À l’heure du lunch, la famille de Patrick fut introduite dans la salle à manger du vice-roi. Edith, très-bien inspirée par son esprit, avait une toilette des plus simples, mais jamais les hautes glaces vénitiennes du palais du gouvernement n’avaient réfléchi une aussi merveilleuse beauté.

Le vice-roi porta vivement la main à ses yeux, comme si ses paupières eussent tout à coup subi une éblouissante irradiation de soleil. La mère, qui ne perdait rien de ce qui se passait devant elle, vit le mouvement du vice-roi et se réjouit dans son cœur.

Edith, invitée à prendre place devant une tasse de thé, s’assit avec l’aisance d’une lady habituée au monde ; rien dans son maintien n’annonçait une fille de campagne ; à force d’être belle, Edith était devenue grande dame à son insu : le vice-roi la regardait, comme un artiste regarde un chef-d’œuvre de marbre exhumé d’une fouille, et, en la regardant, il oubliait sa vice-royauté, son rang suprême, ses préjugés aristocratiques, ses hautes alliances de famille, enfin toutes les servitudes écrites sur le cahier des charges de la fière noblesse d’Albion.

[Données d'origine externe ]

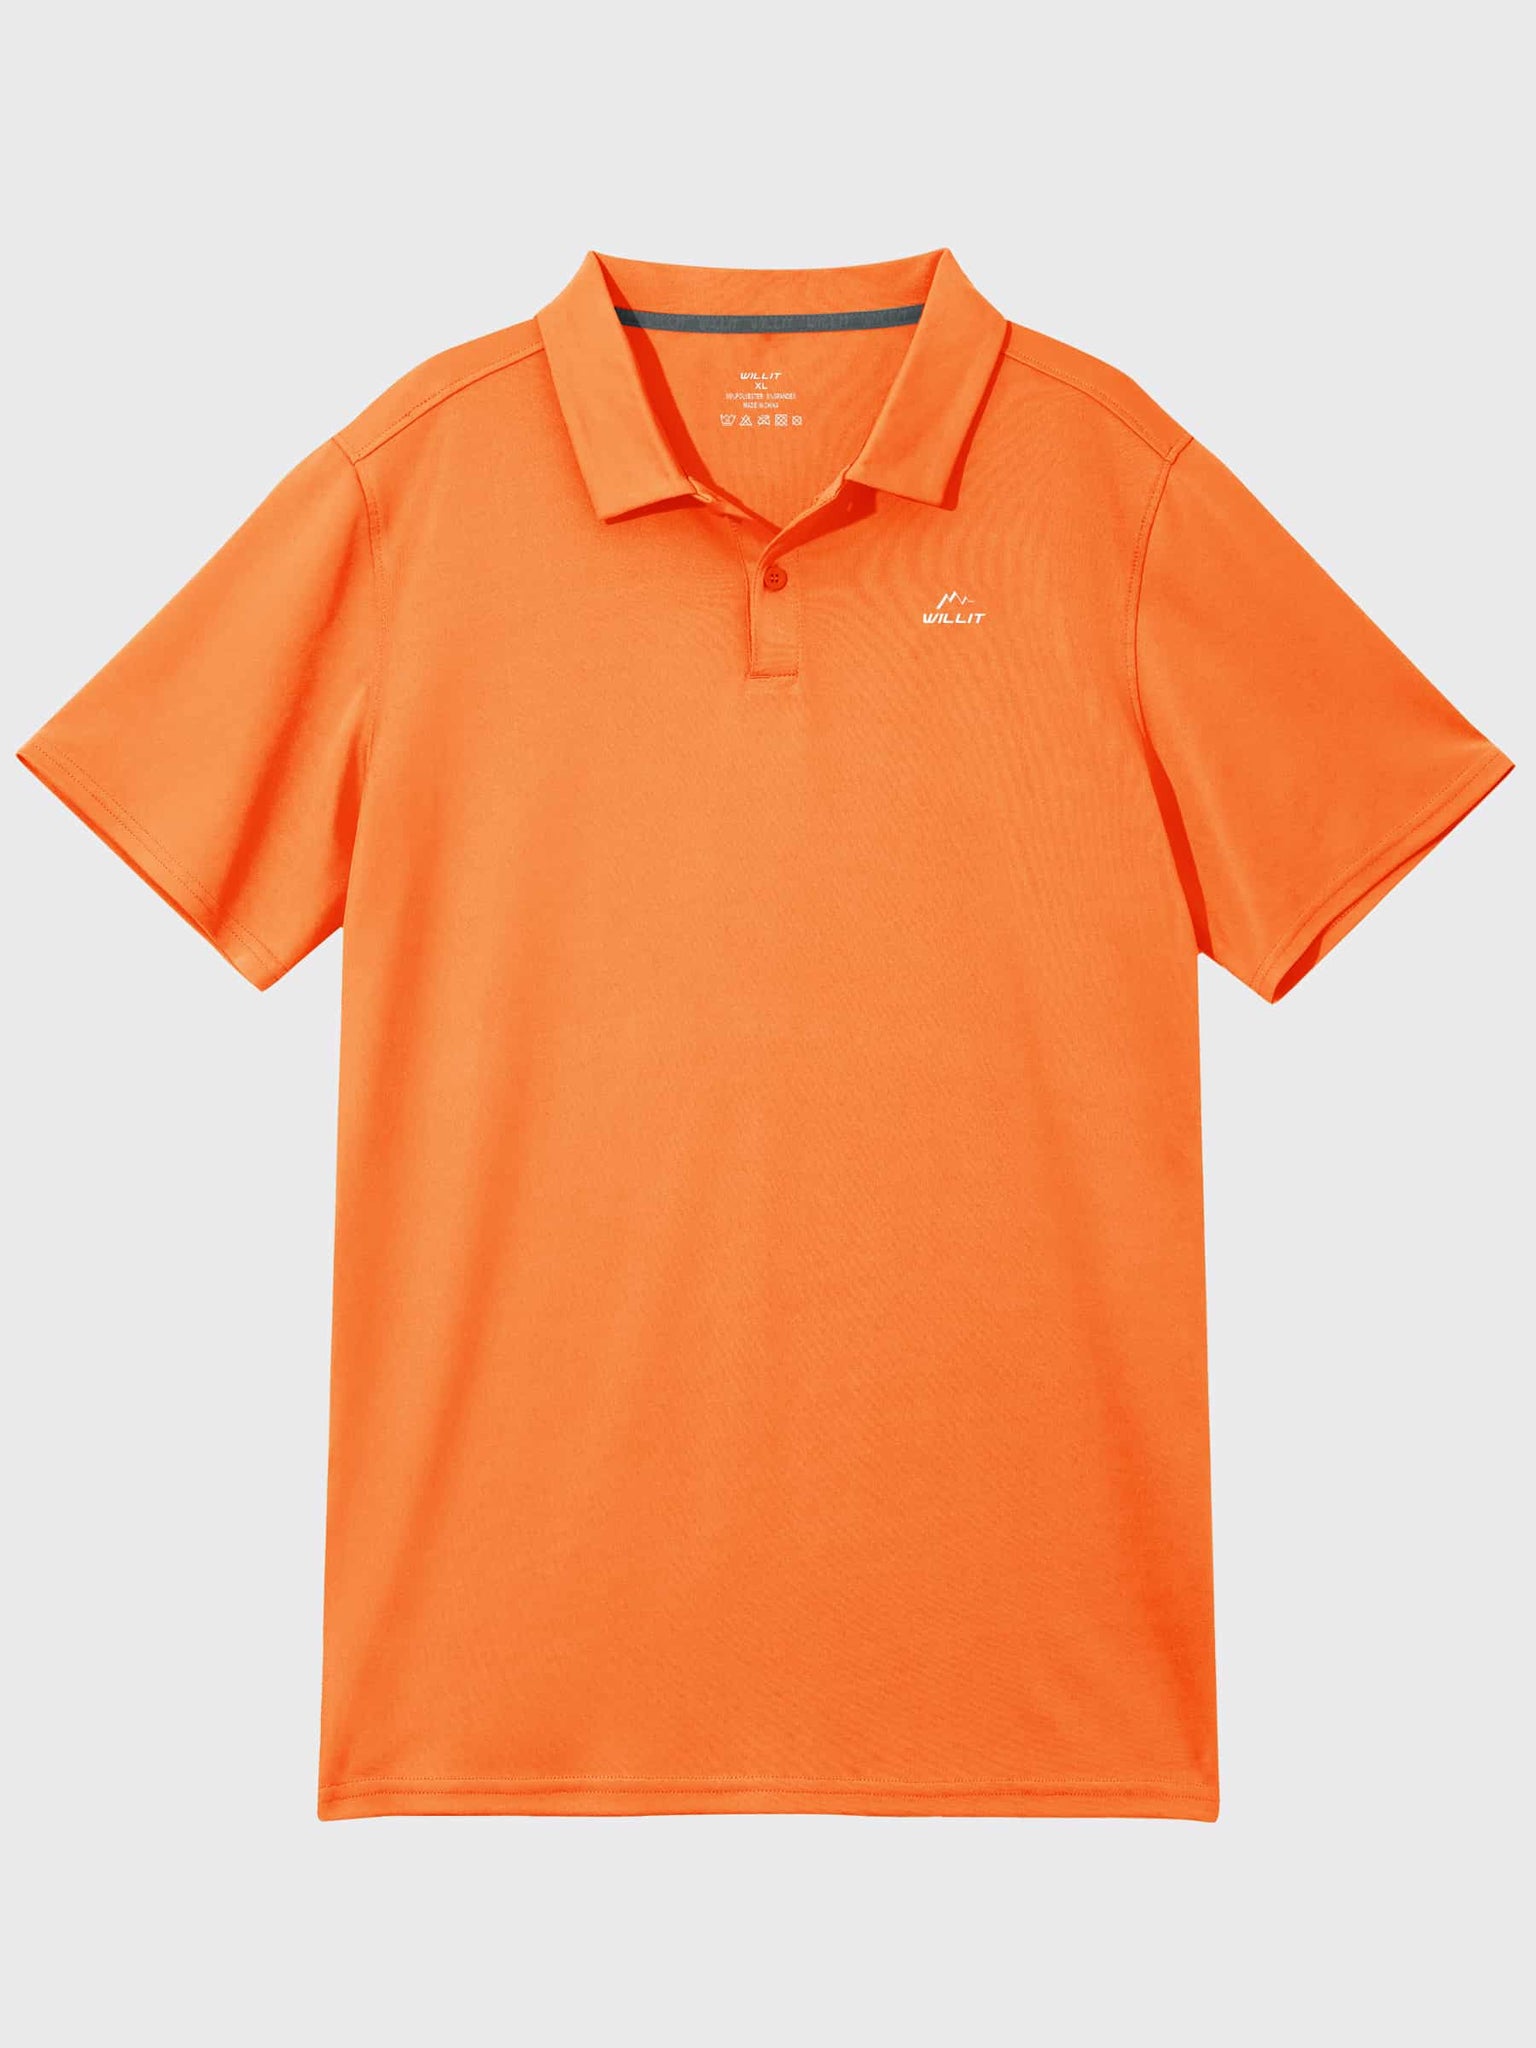 Youth Golf Polo Sun Shirts_Orange_laydown4

Ce lunch fut décisif pour l’avenir du vice-roi, et d’autres ’lunchs, plus dangereux encore, suivirent le premier. La mère d’Edith ne perdait pas un signe, un geste, un mouvement du vice-roi, et lorsqu’elle jugea le moment favorable, elle dit au vice-roi, que des affaires importantes appelaient son mari sur le continent ; et que même ils partiraient bientôt tous les trois pour l’Inde, où un établissement considérable les attendait.